Chronic allergic asthma induces T-cell exhaustion and impairs virus clearance in mice

BACKGROUND: Allergic asthma, one of the most common types of asthma, is thought to be highly susceptible to respiratory viral infections; however, its pathological mechanism needs to be elucidated. Recent studies have found impaired T-cell function in asthmatic mice. Therefore, we aimed to investigate the way by which asthma induction affects T-cell exhaustion in the lungs and assess the relationship between T-cell exhaustion and influenza viral infection. METHODS: Chronic allergic asthma mice were induced by intranasal injection of ovalbumin for 6 weeks and asthmatic features and T cell populations in lung or airway were assessed.
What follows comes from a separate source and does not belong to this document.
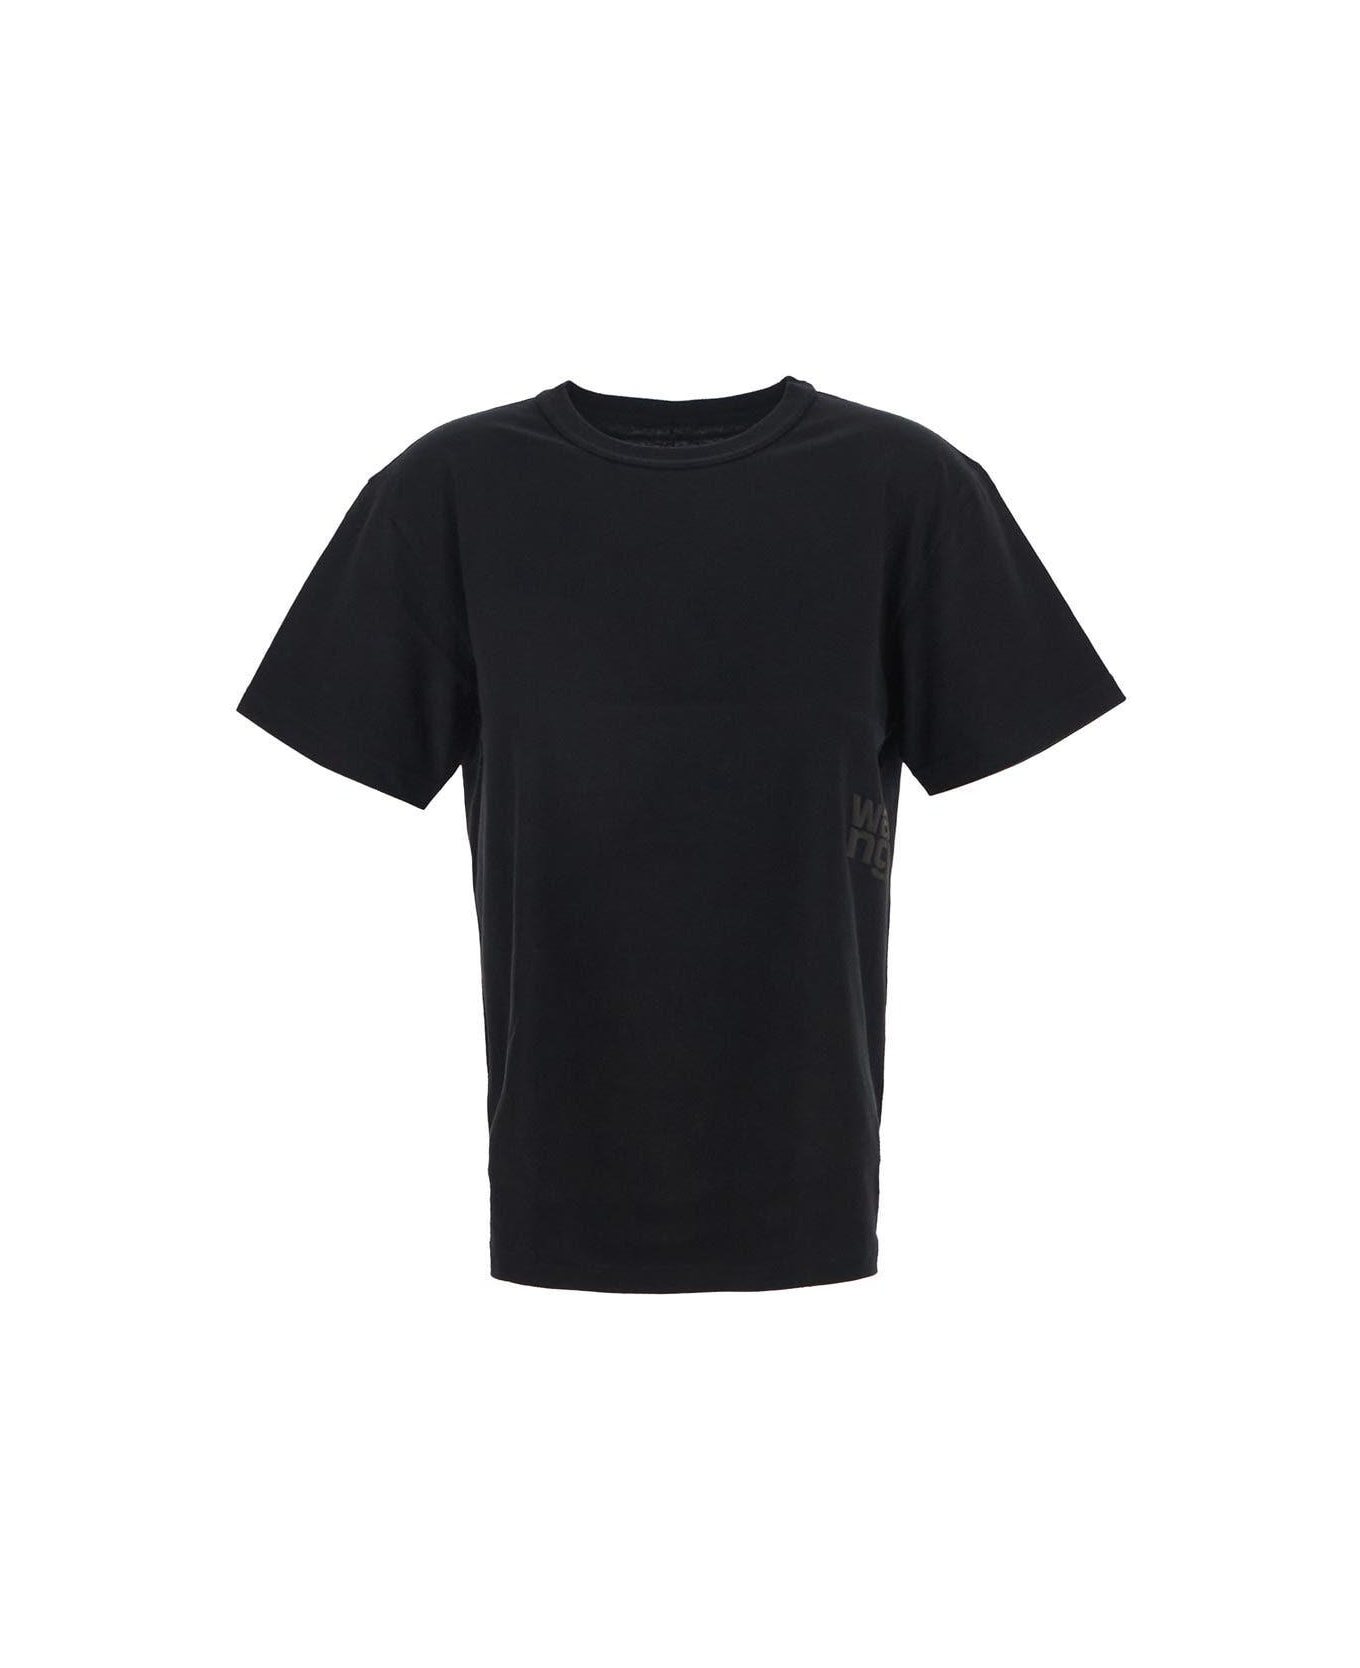 Alexander Wang Black T-shirt - Black

To determine the influenza virus susceptibility, control and asthma mice were challenged with the human influenza virus strain A/Puerto Rico/8/1934 H1N1 and evaluated the survival rate, lung damage, and virus titer. RESULTS: Six weeks of OVA sensitization and challenge successfully induced chronic allergic asthma in a mouse model showing significant increase of sera IgE level and broncho-pathological features. A significant decrease in interferon-γ-producing T-cell populations and an increase in exhausted T-cell populations in the lungs of OVA-induced asthmatic mice were observed. Asthmatic mice were more susceptible to influenza virus infection than control mice showing lower survival rate and higher virus titer in lung, and a positive correlation existed between T-cell exhaustion in the lung and virus titer. CONCLUSIONS: Asthma induction in mice results in the exhaustion of T-cell immunity, which may contribute to the defective capacity of viral protection. This study demonstrates a correlation between asthma conditions and viral susceptibility by investigating the functional characteristics of T-cells in asthma. Our results provide insights into the development of strategies to overcome the dangers of respiratory viral disease in patients with asthma. SUPPLEMENTARY INFORMATION: The online version contains supplementary material available at 10.1186/s12931-023-02448-9.